Anais do IX Seminário de Iniciação Científica SóLetras – CLCA – UENP/CJ - ISSN 18089216
O POETA GONÇALO FERREIRA DA SILVA: UMA VISÃO DE MUNDO
PARTICULAR
Bárbara Laís Falcão da Silva Cação
(Graduanda – UNESP Assis/ FAPESP)
Francisco Claudio Alves Marques
(Orientador – UNESP Assis)
RESUMO
No dia 22 de maio de 2012, entrevistei o poeta de cordel Gonçalo Ferreira da Silva com vistas
a responder questões relacionadas com o fazer literário dos poetas populares. Com essa
entrevista pretendia ainda comprovar que os folhetos que recriam fatos noticiados pelos meios
oficiais de comunicação não só promovem a socialização e a popularização da notícia, como
também imprimem novos significados ao texto reescrito. A entrevista serviu-me também para
chegar à outra conclusão: a de que o público atual de Gonçalo – da Feira de São Cristóvão, no
Rio de Janeiro – não só recorre à leitura dos folhetos como uma forma de manter os laços com
a tradição nordestina, mas, sobretudo, para satisfazer sua sede de conhecimento e ter acesso à
literatura, satisfazendo suas necessidades de ficção e de compreensão artística.
Introdução
A produção da literatura de cordel modificou-se consideravelmente em relação
aos poetas pioneiros como Leandro Gomes de Barros e com isso, ocorreu um distanciamento
bastante perceptível entre pioneiros e contemporâneos, o que nos leva a perceber que novos
elementos começam a fazer parte do novo perfil dos cordelistas em atividade.
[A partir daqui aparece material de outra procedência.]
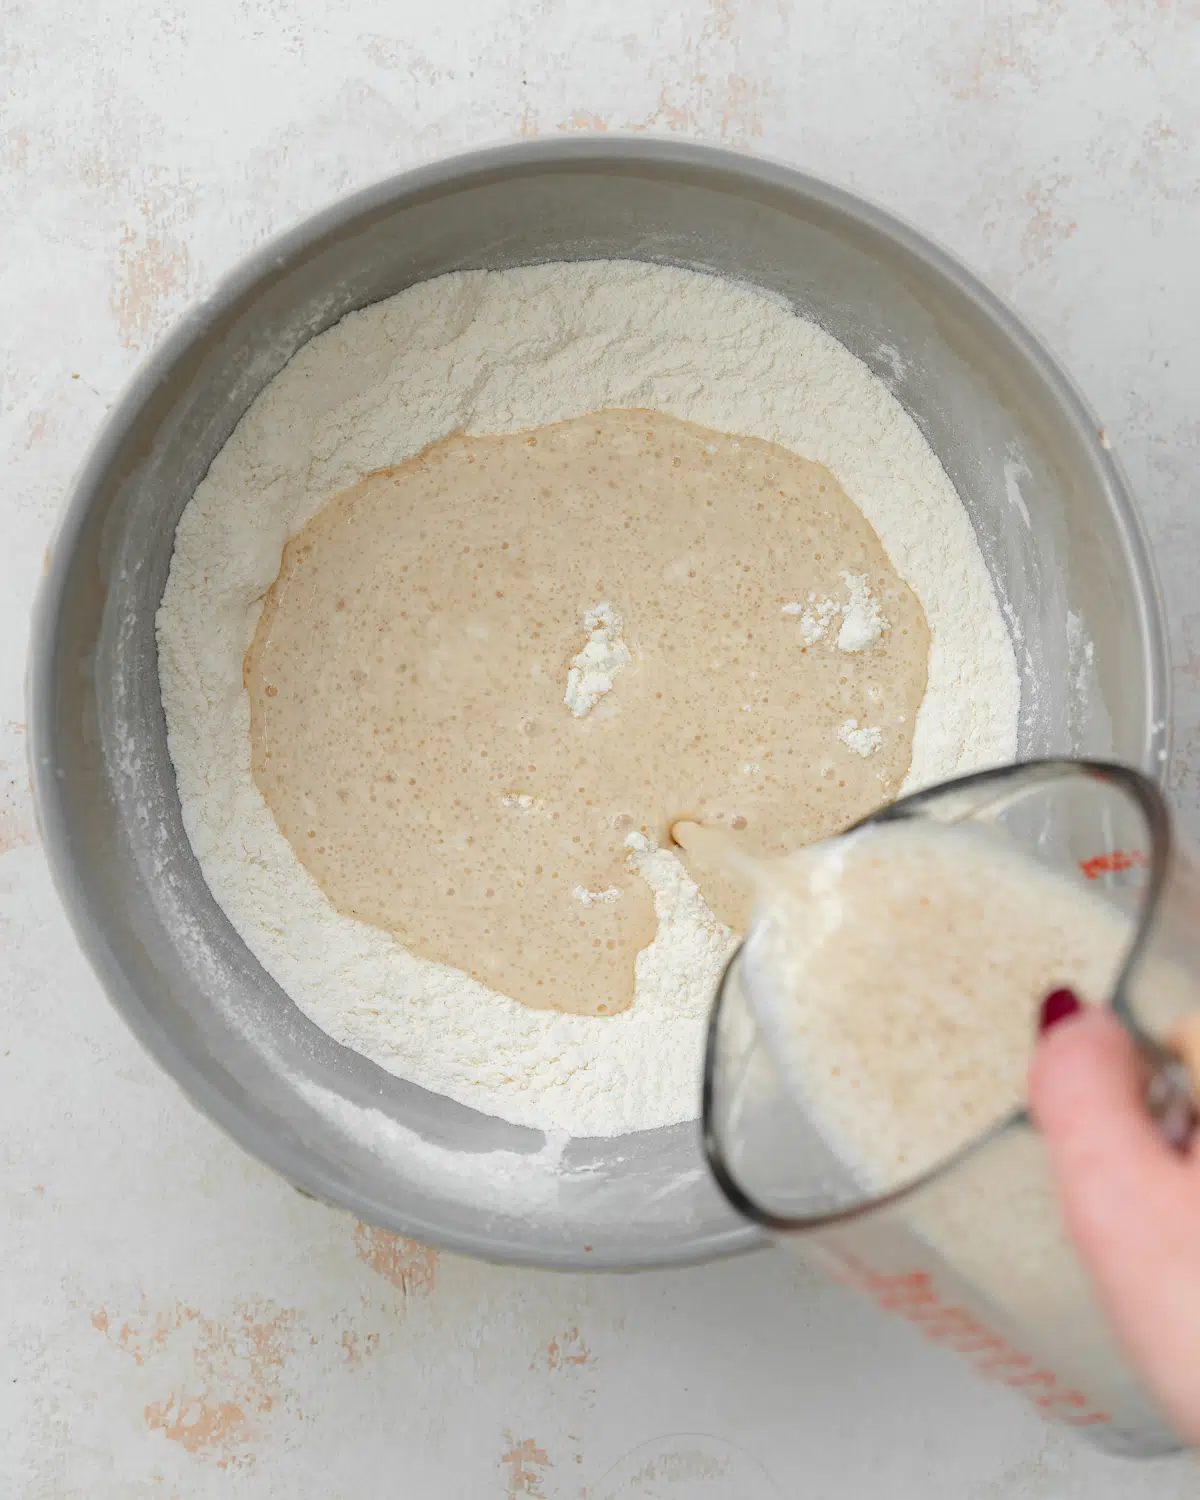 pouring milk into dry ingredients to make cupcakes.
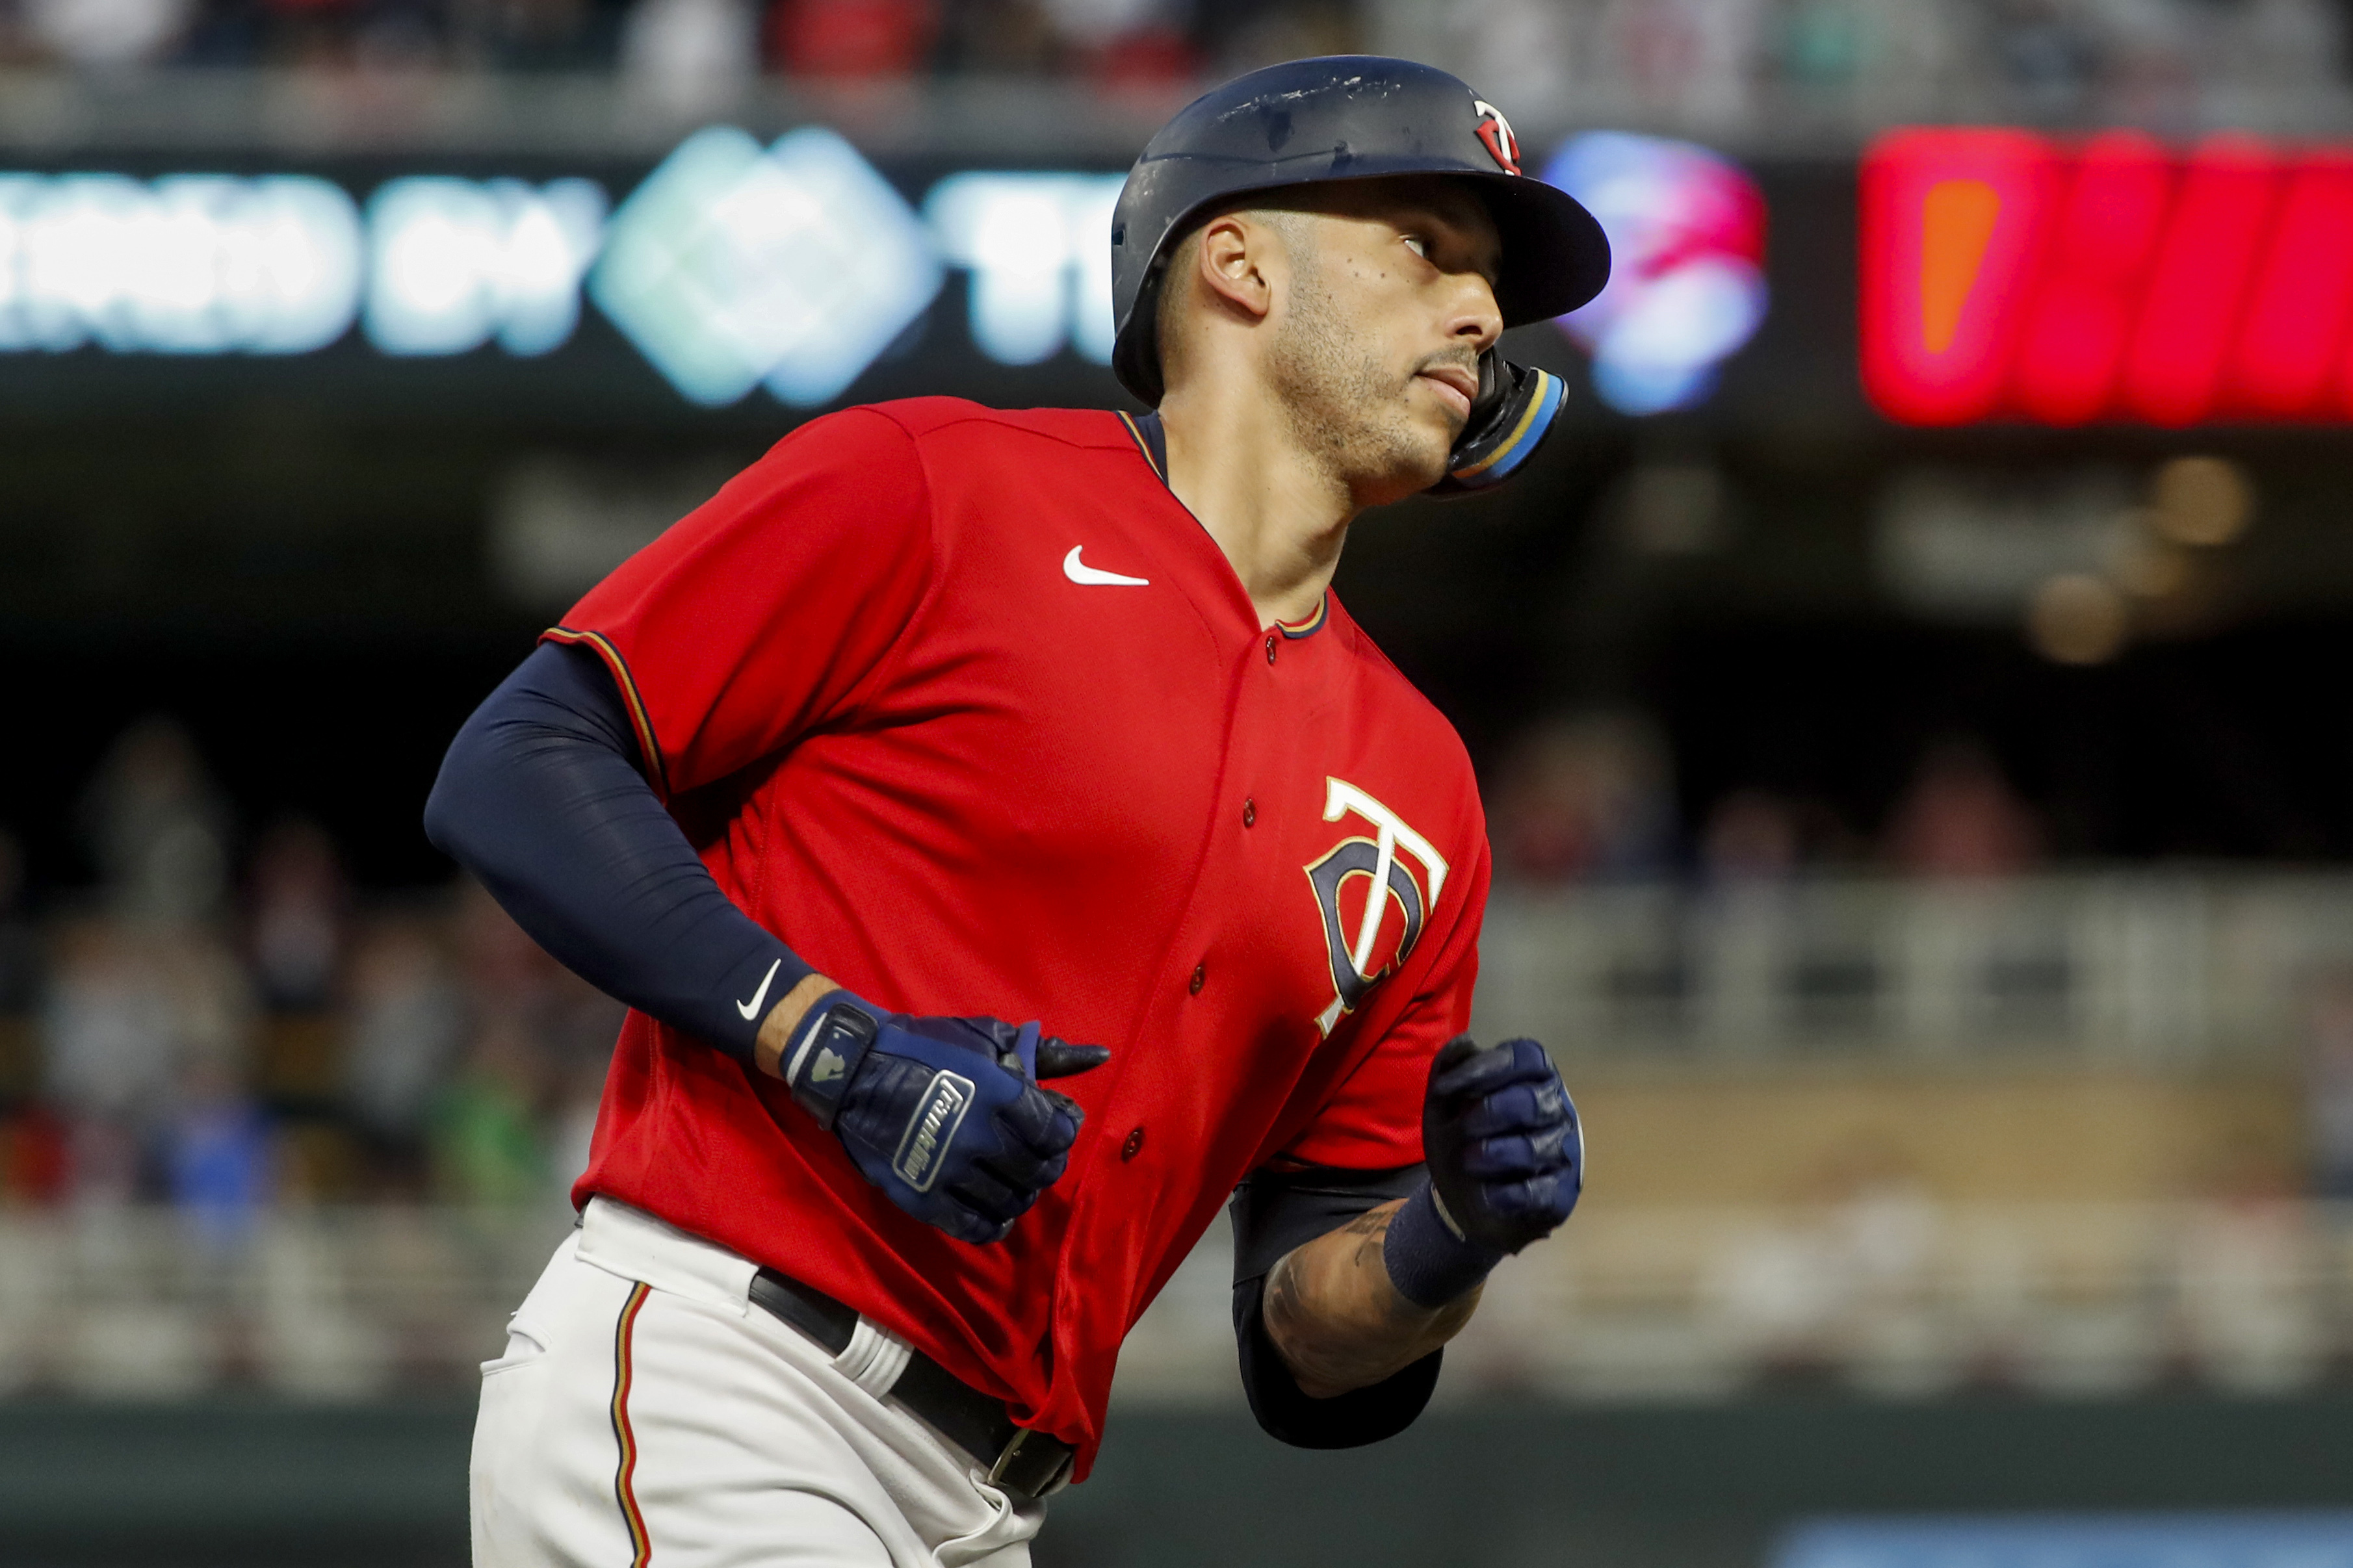 Carlos Correa placed on injured list, to miss Twins-Astros series

Ao contrário de Leandro, que teve pouquíssimo acesso à educação escolar, o
poeta cearense Gonçalo Ferreira da Silva faz uma literatura mais especializada, voltsada para
temas da atualidade e para a matéria coientífica. Apesar de ser formado em Letras pela PUC –
RJ, aproxima-se muito das visões de mundo e da composição temática de seus precursores.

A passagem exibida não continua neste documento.